Hindsight Experience Replay
This addresses the problem of sparse rewards for reinforcement learning practitioners, particularly in robotics, by providing a method that simplifies training without requiring reward engineering, though it is incremental as it builds on existing off-policy algorithms.
The paper tackles the challenge of sparse rewards in reinforcement learning by introducing Hindsight Experience Replay, which enables sample-efficient learning with binary rewards and eliminates the need for complex reward engineering, as demonstrated in robotic manipulation tasks like pushing, sliding, and pick-and-place where it made training feasible.
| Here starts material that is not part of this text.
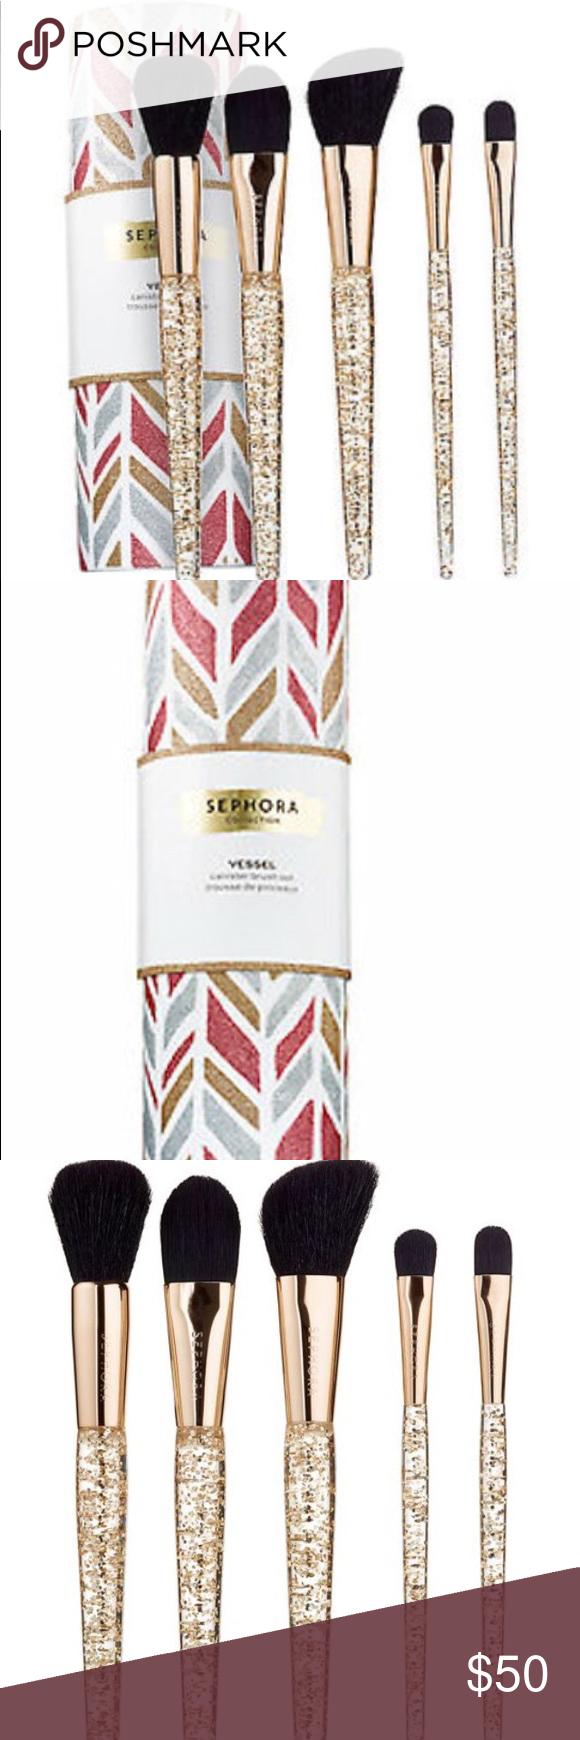 Sephora Sparkle & Shine Glitter Brush Set W/Case NWT

Dealing with sparse rewards is one of the biggest challenges in Reinforcement Learning (RL). We present a novel technique called Hindsight Experience Replay which allows sample-efficient learning from rewards which are sparse and binary and therefore avoid the need for complicated reward engineering. It can be combined with an arbitrary off-policy RL algorithm and may be seen as a form of implicit curriculum. We demonstrate our approach on the task of manipulating objects with a robotic arm. In particular, we run experiments on three different tasks: pushing, sliding, and pick-and-place, in each case using only binary rewards indicating whether or not the task is completed. Our ablation studies show that Hindsight Experience Replay is a crucial ingredient which makes training possible in these challenging environments. We show that our policies trained on a physics simulation can be deployed on a physical robot and successfully complete the task.